Asked by Graham Norton if her father has heard the track yet, she adds: “No. I’ll see him soon and he will. I don’t want to, like, push them over the edge! But it’s not disturbing, it’s beautiful.”

The family connections to Confessions II don’t end there. Another track sees her duet with daughter Lourdes Leon for The Test. For this song, however, instead of taking control, Madonna insists it was a 50-50 project, even down to the lyrics.

“She approached me and she has been very reluctant to work with me or be my daughter and take advantage of her privilege.

“She’s been very standoff and worked at her own pace, and you know, I respect that deeply, and she’s a great songwriter.

“She has a much, much better voice than I do, but then one day she came to me and she said, ‘You know what I realized, I’m holding on to something, and maybe it’s some kind of anger.’
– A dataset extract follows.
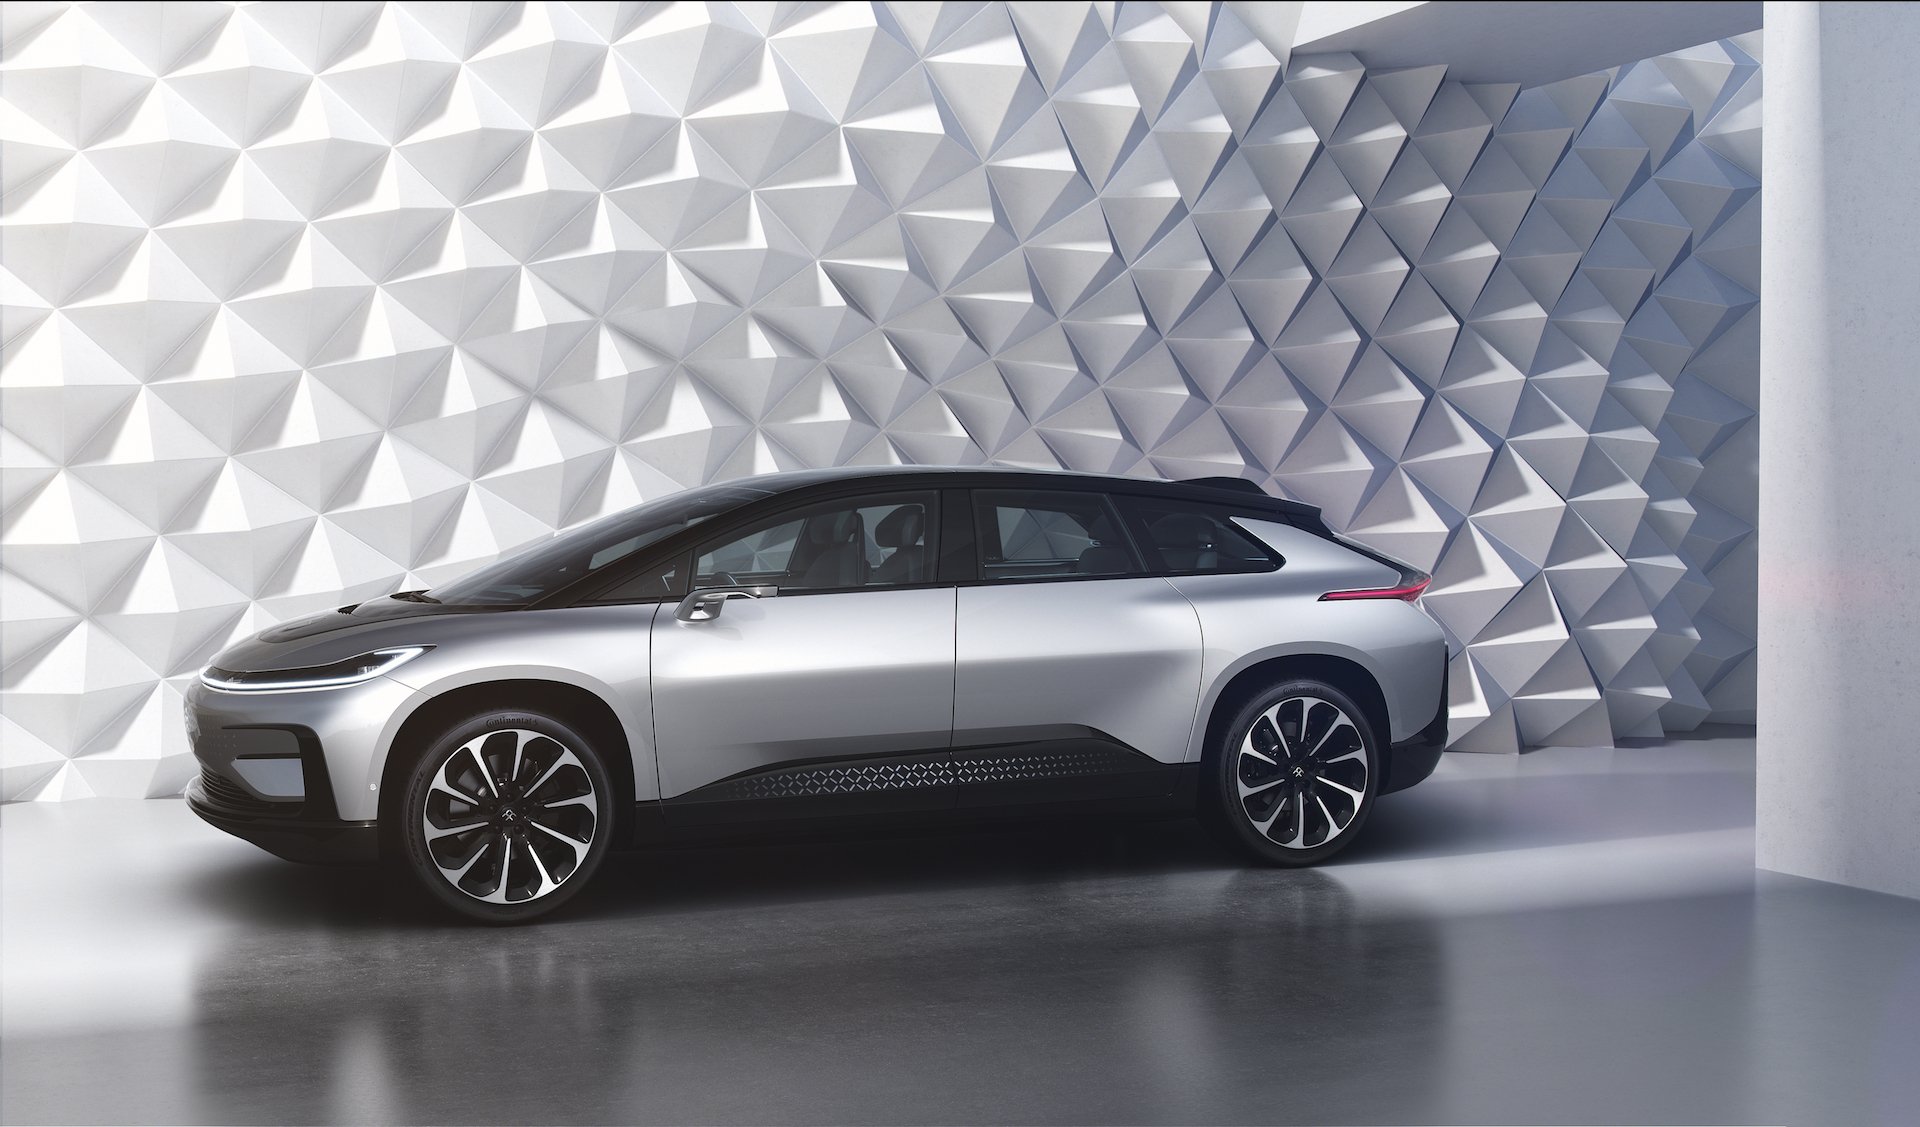 Faraday Future partners with Phillips to develop and showcase health and wellness features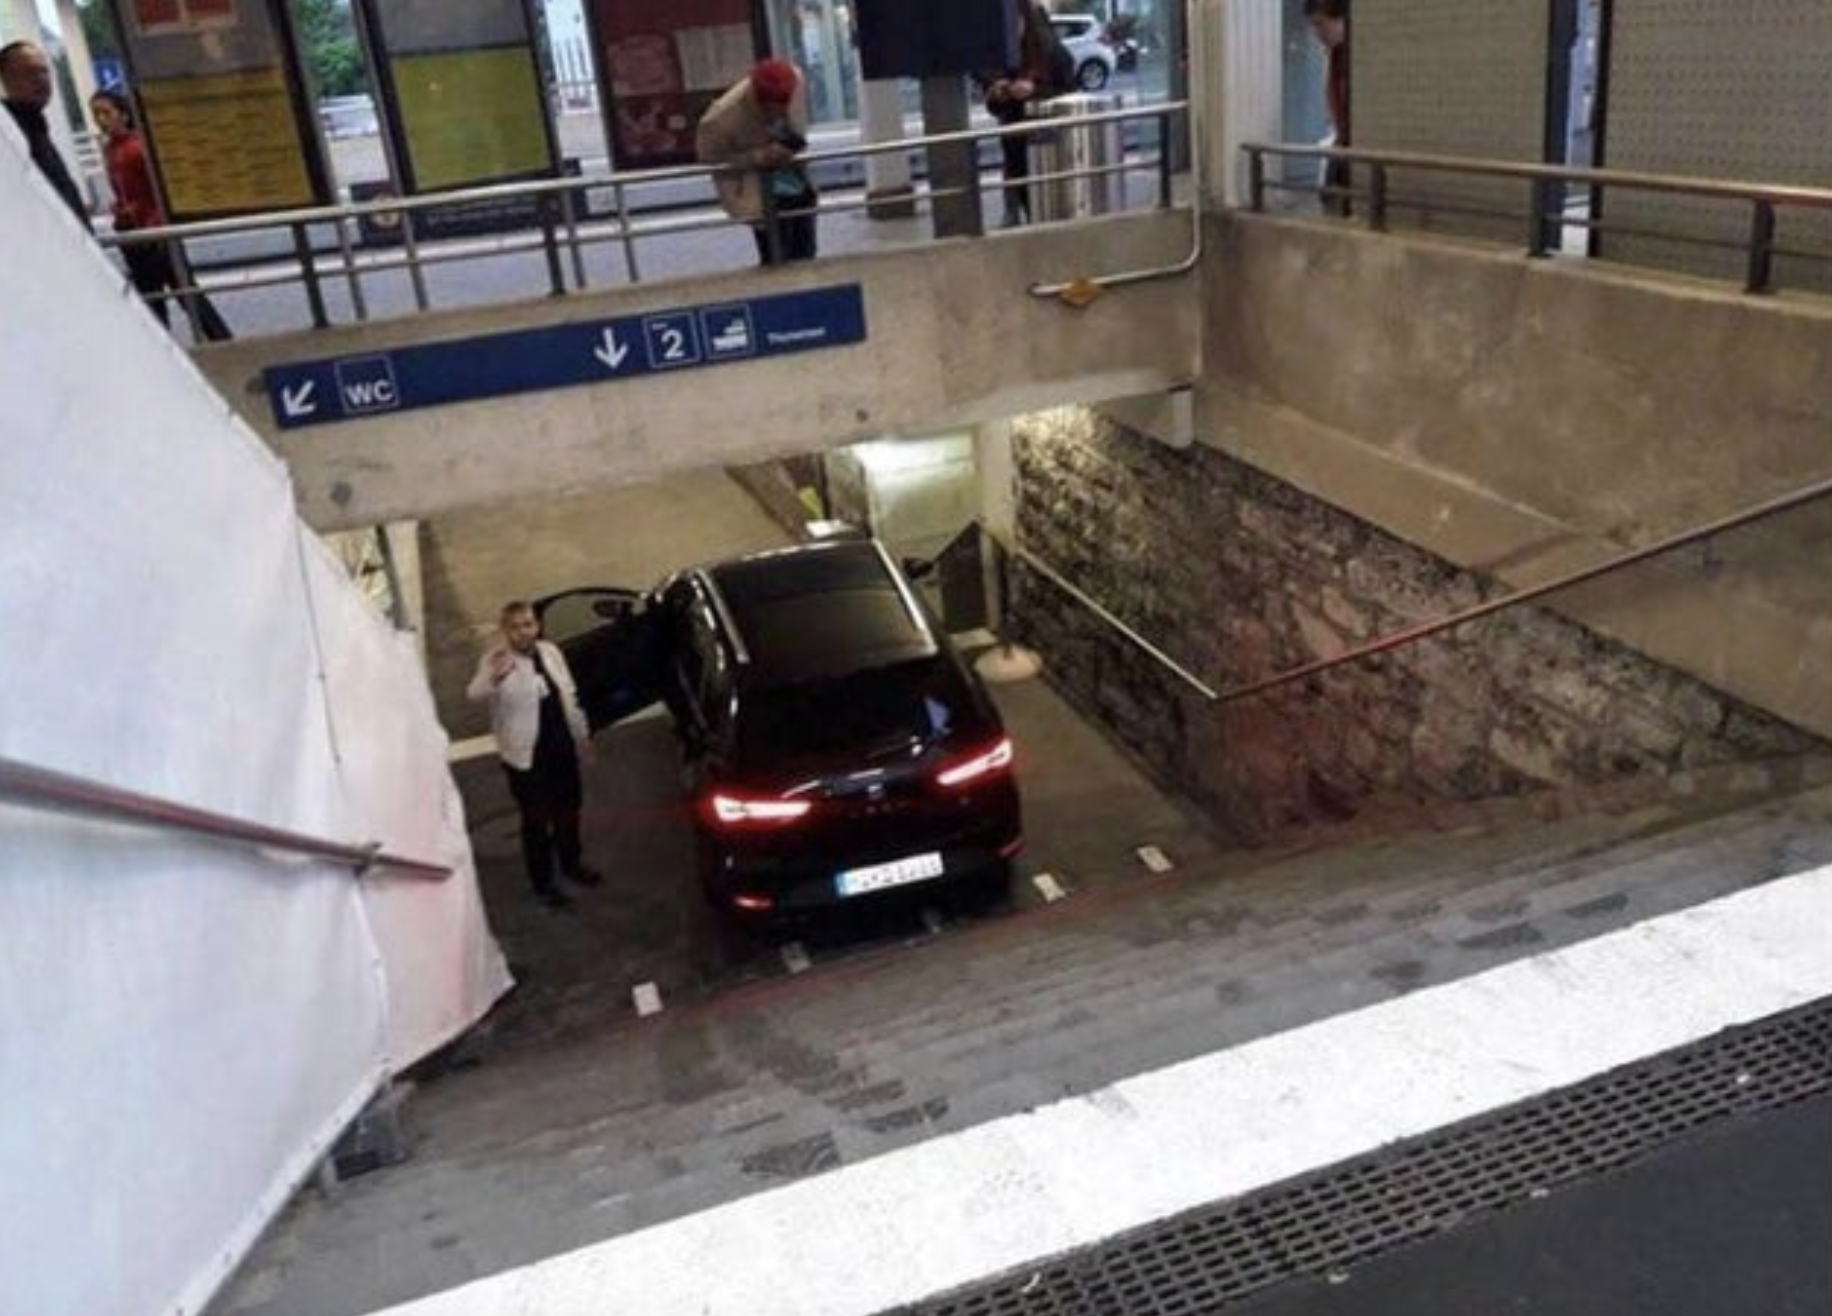 “He thought it was an entrance to a parking garage.”

“Because she ultimately didn’t ask for this, she had been through her youth and struggled with those feelings for a long time. And then she came to me and she said ‘Let’s write a song together. I think it’s going to be a very, very healing experience. And you say exactly what you want to say and I’ll say exactly what I want to say’.”

“I was like, ‘Okay, you’re on, let’s do it’. I was so happy. We sound great together.”

There are many other female artists who want to work with her, including Sabrina Carpenter and Kylie Minogue, who appear on Confessions II.

While Kylie’s song isn’t 100% confirmed, she served Graham and Madonna drinks during their hour-long set BBC interview, which seemed to be their way of announcing a collaboration. They praised each other’s music but declined to talk specifically about their project together. With Sabrina, the iconic singer came to the fore and even reached out to make the collaboration happen on the track Bring Your Love.

Madonna says: “I sent her a DM. I said I was making a new record and I’d love to collaborate with you on something. It ended up being Bring Your Love and it worked out perfectly. She was already scheduled to open for Coachella, so she invited me to perform with her. It all happened in a very safe way.”

In total, there are 16 tracks on the album, which is a continuous mix of music “because that’s what happens in a club,” explains Madonna. It could even have been longer, but she only wanted to use songs she felt kept the energy on the LP high.

“We have eight songs that we really love that didn’t make the record. You could only put so many songs on the record, 16 seems almost indulgent.

“It’s a great record to train to, like ‘does it make me want to get up and move?’ Just drive me, just inspire me? Does this give me an incentive, does it make me want to sweat? Yes!

“And if it didn’t, I was like ‘off the record.’ It was actually a perfect way to pick things. Those are the keepers.”

The only other thing fans want to know is when they can hear Madonna perform these new songs live, with her final tour ending in May 2024. But those hoping to sweat it out with Madonna on stage can wait, unless they’re at the World Cup final, where she’ll be doing a mini-set at halftime.

She tells Graham that she will start doing “promo tours” in the coming months, which is unlikely to feature a full-length show, but then the next big live event won’t be until 2027, which she teases by saying “then in the summer something bigger”, which she hints could be in the UK.

Host Graham says he thinks he knows what it could be, and the obvious answer seems to be a headline slot at Glastonbury Festival? Last night, Madonna’s publicist said Mirror any tour plans were “all speculation” at this time.

But even if you have to wait until next summer to see her, at least now there are only a few days before millions of Madonna fans can dance to her new album in the sunshine. Somewhere out there, Madonna will probably do the same.

* Confessions II will be released on July 3rd on Warner Music. Madonna & Graham can be seen on the BBC iPlayer.